- _The problem_
Your task is to repeat exactly the lines below between the line holding "Cousteau Society Bulletin" and the line holding "VRINDAVAN, INDE - 18", inclusive, and only those.

- _Material provided_
^^^^^^^^
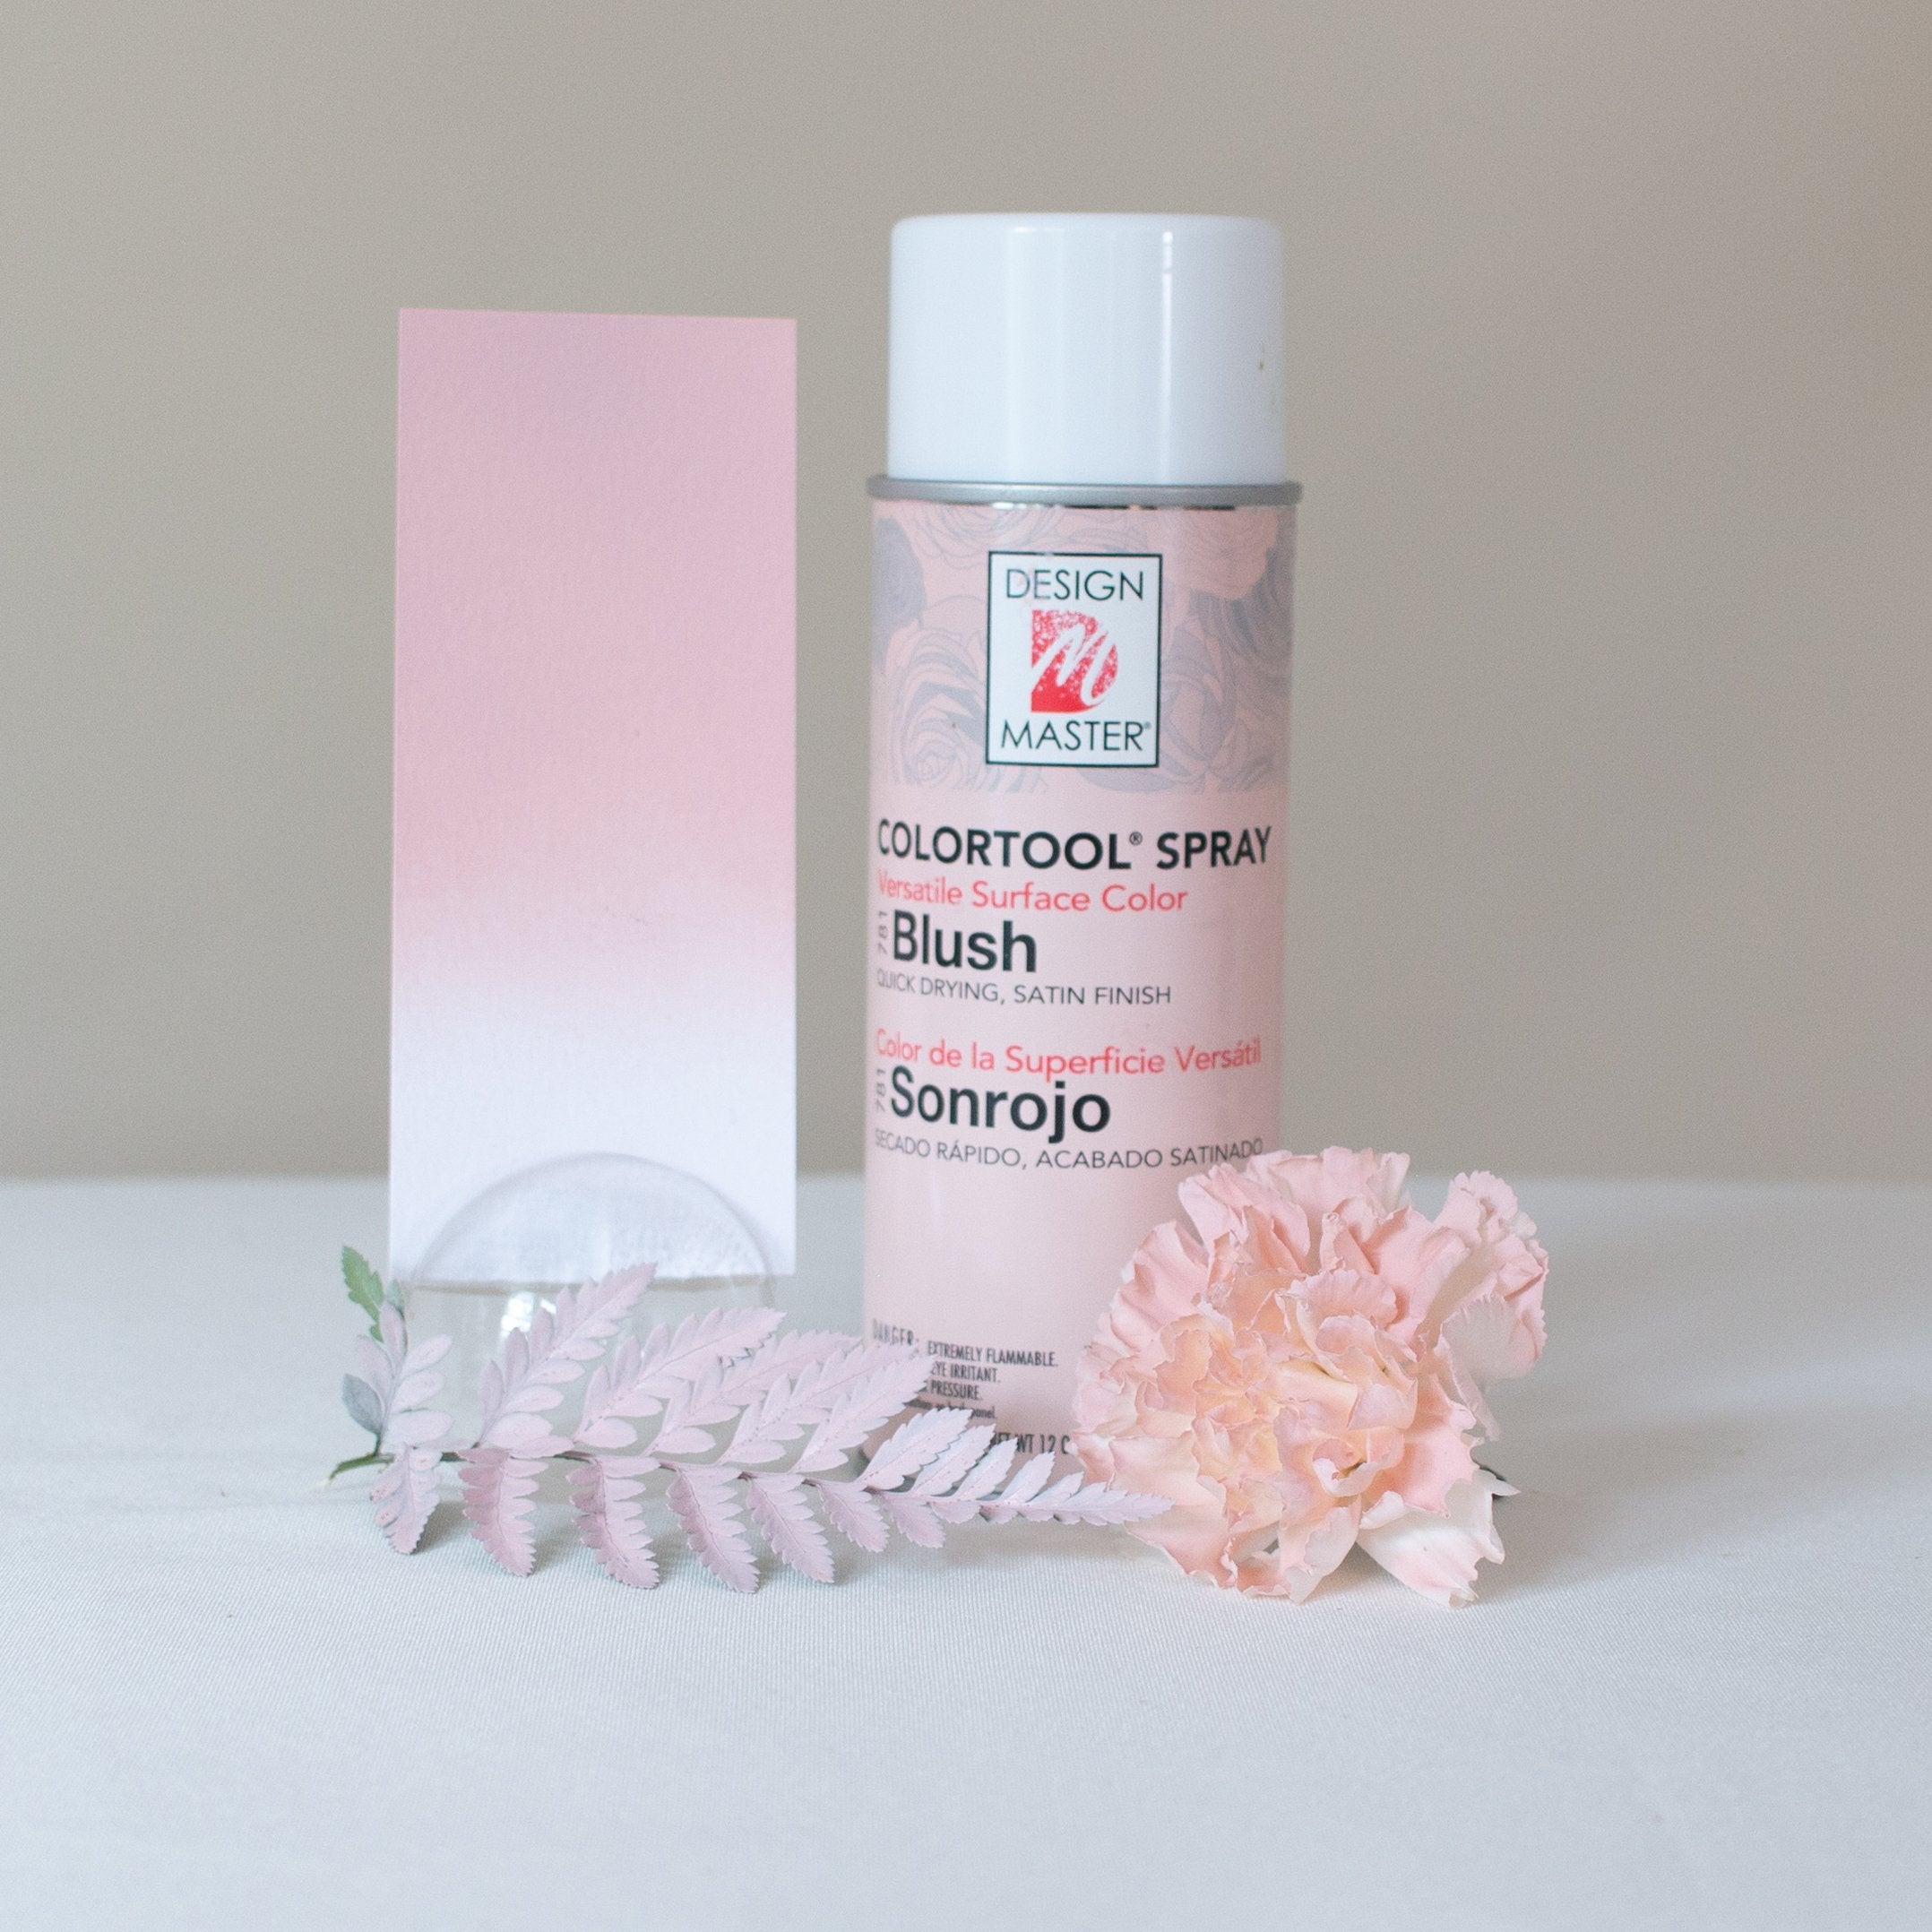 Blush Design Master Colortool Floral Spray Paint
^^^^^^^^
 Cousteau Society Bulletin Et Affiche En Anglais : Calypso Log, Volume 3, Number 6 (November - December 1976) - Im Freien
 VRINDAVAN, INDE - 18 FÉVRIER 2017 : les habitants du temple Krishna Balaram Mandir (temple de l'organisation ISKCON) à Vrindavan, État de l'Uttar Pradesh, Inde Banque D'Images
^^^^^^^^
- _Answer to this problem_
 Cousteau Society Bulletin Et Affiche En Anglais : Calypso Log, Volume 3, Number 6 (November - December 1976) - Im Freien
 VRINDAVAN, INDE - 18 FÉVRIER 2017 : les habitants du temple Krishna Balaram Mandir (temple de l'organisation ISKCON) à Vrindavan, État de l'Uttar Pradesh, Inde Banque D'Images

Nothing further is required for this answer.